From: Mark W. Farnham <mwf_at_rsiz.com>
Date: Thu, 7 Dec 2006 09:05:57 -0500
Message-ID: <FBEIIHEAOIFCBBNIIFOGAENOCFAA.mwf@rsiz.com>


Okay, so you have 32 cpus writing to database files plus the single threaded sequential write from memory to the redo log and then from redo log to archived redo log on the primary.

On recovery you might well have 1 cpu reading the log and trying to write to all those files on all those independently running hbas.

If this was old school user managed standby like before they made it a product, you could just feed multiple streams of recover tablespace to fan out the writes to the tablespace files. For dataguard you do it with the parallelism settings. See chapter 8.6 of b14239. (Main points are recover standby database parallel 64 (2*cpu they recommend, I might shoot a little low with 32 myself), db_block_checking=false (faster, but do you really want to?), parallel_execution_message_size <as big as you can>, and disk_async_io to true.

If those archived redo logs are file system files, you can eliminate the read from disk speed issue by running ahead a ways by copying the files to dev null (use something that does *NOT* bypass the file system cache, reserve a couple cpus by lowering the 64 some.) Then you should get the file from file system cache and at least you'll see if you have a flat out "I'm just one process, how y'all expect me to keep up with the work that 32 did on the other system" problem.

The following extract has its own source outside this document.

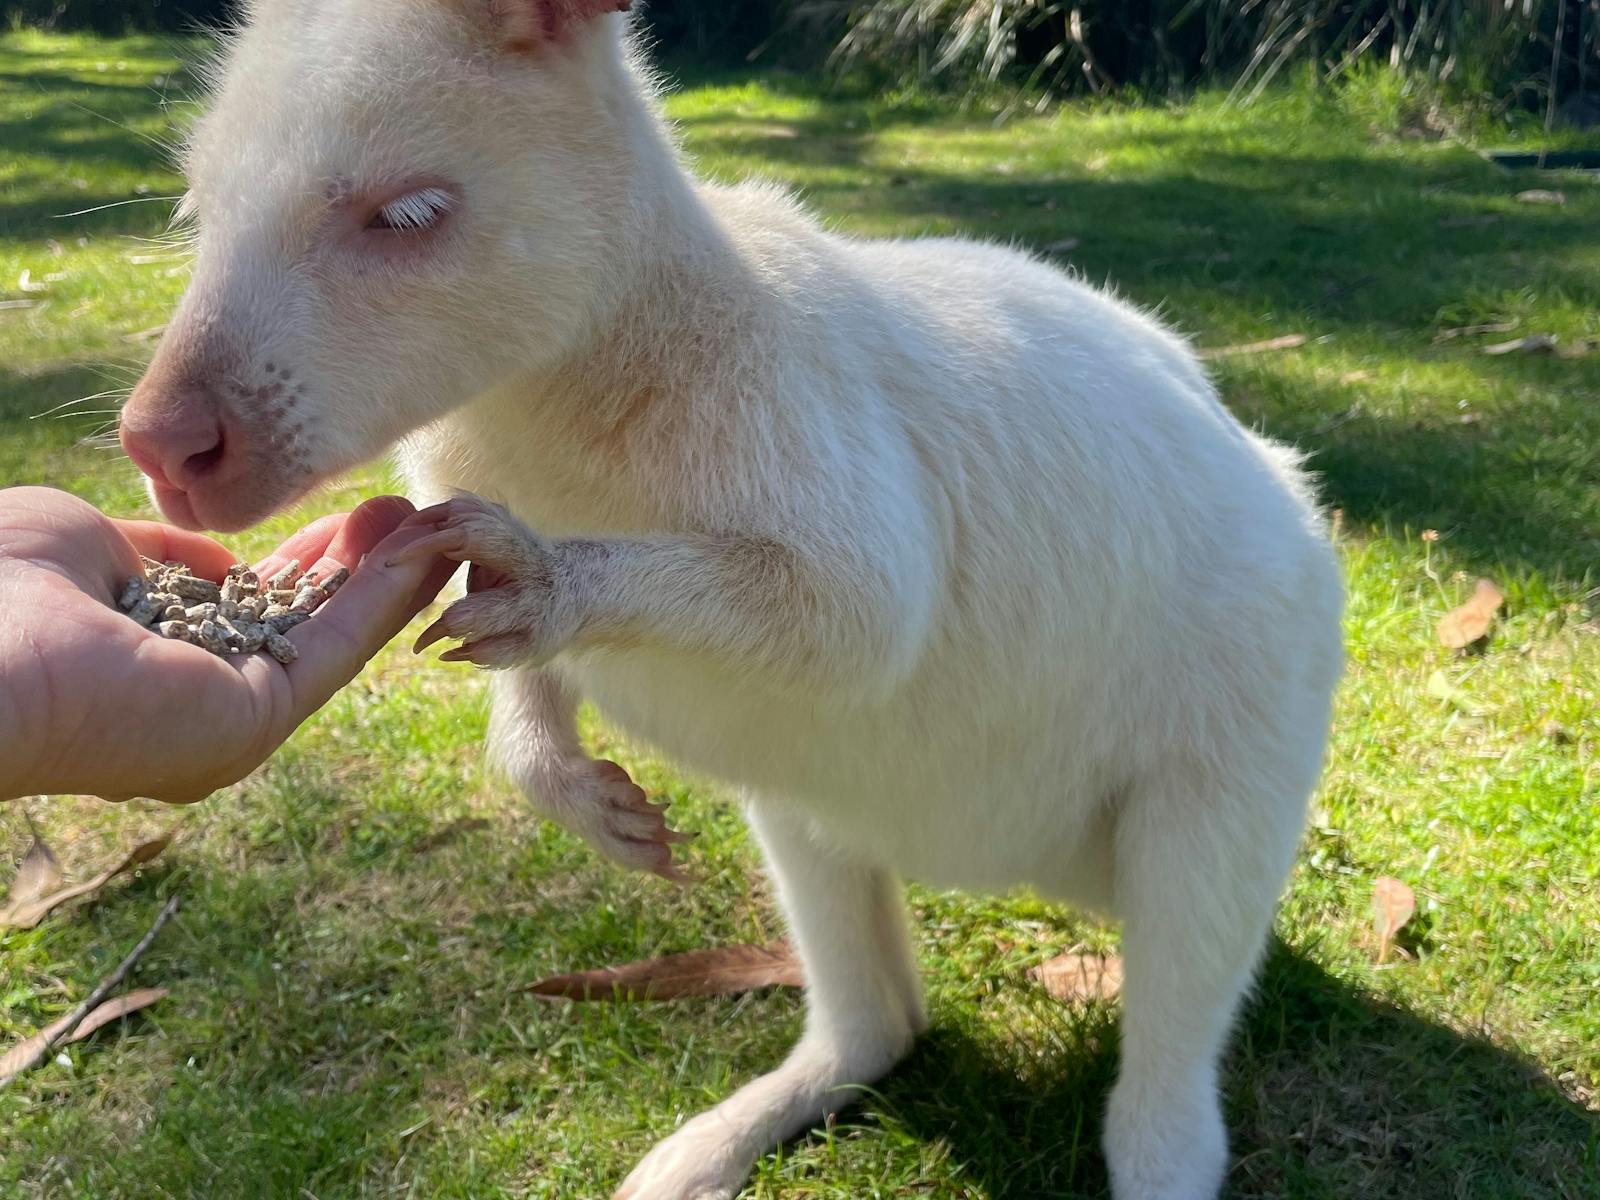 Hand feed albino wallabies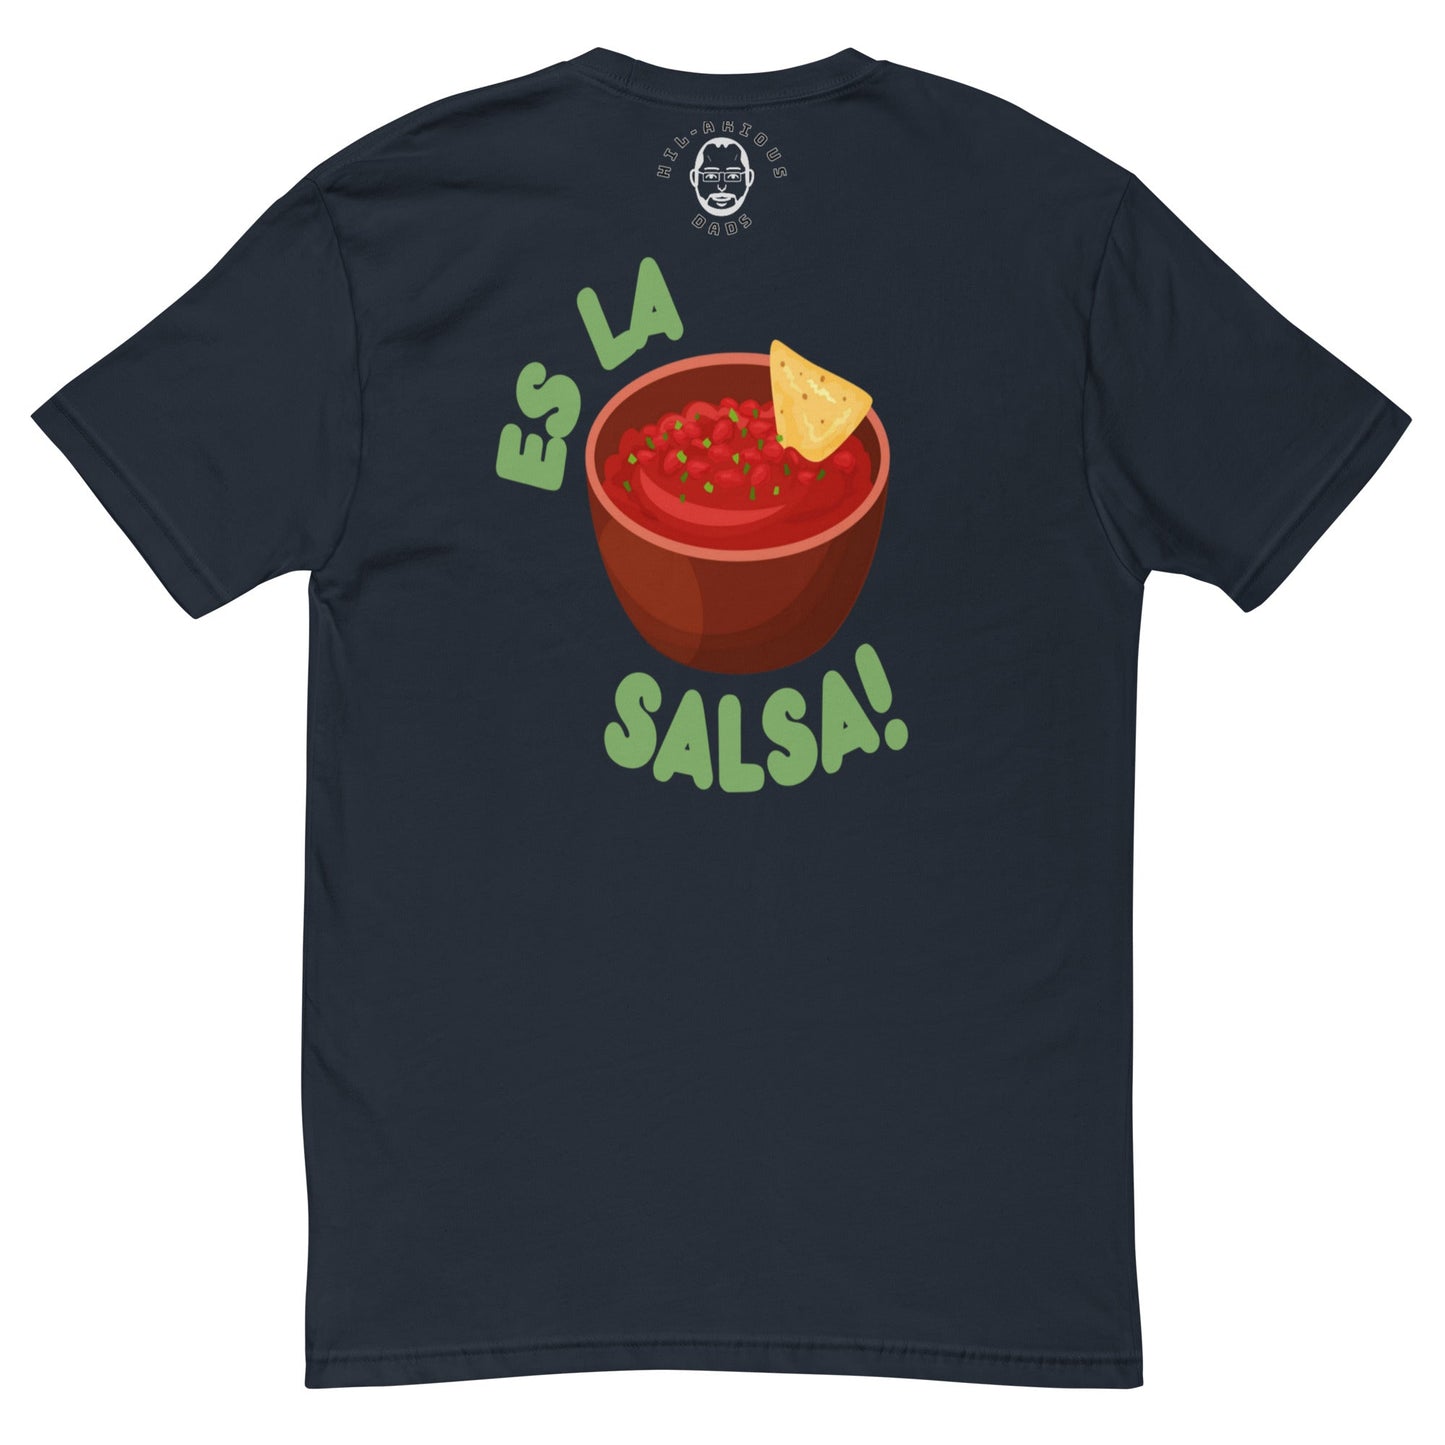 Cuál es el baile favorito del tomate?-T-shirt - Hil-arious Dads

If you're able to determine that the read speed of the archived logs you're trying to apply remains part of the problem (let's say you're already using high parallelism, which I didn't credit you with at the outset, plus you probably don't want parallel that high on your primary and you wrote they match - make a note to reset that if you have to fail over, by the way, or else you might get some surprises) then you might need to stage the archived redo on solid state disk. Same idea as the read ahead into file system cache, but also works for raw.) That might get a bit complicated to manage, but nothing that a bit of tailing the alert log and perl or shell programming can't handle - more tedious to get it absolutely correct than anything else.

Maybe Carel-Jan will chime in - he's probably done more "make dataguard faster stuff" than anyone else I know, and I'm pretty confident he won't tell you to do anything risky.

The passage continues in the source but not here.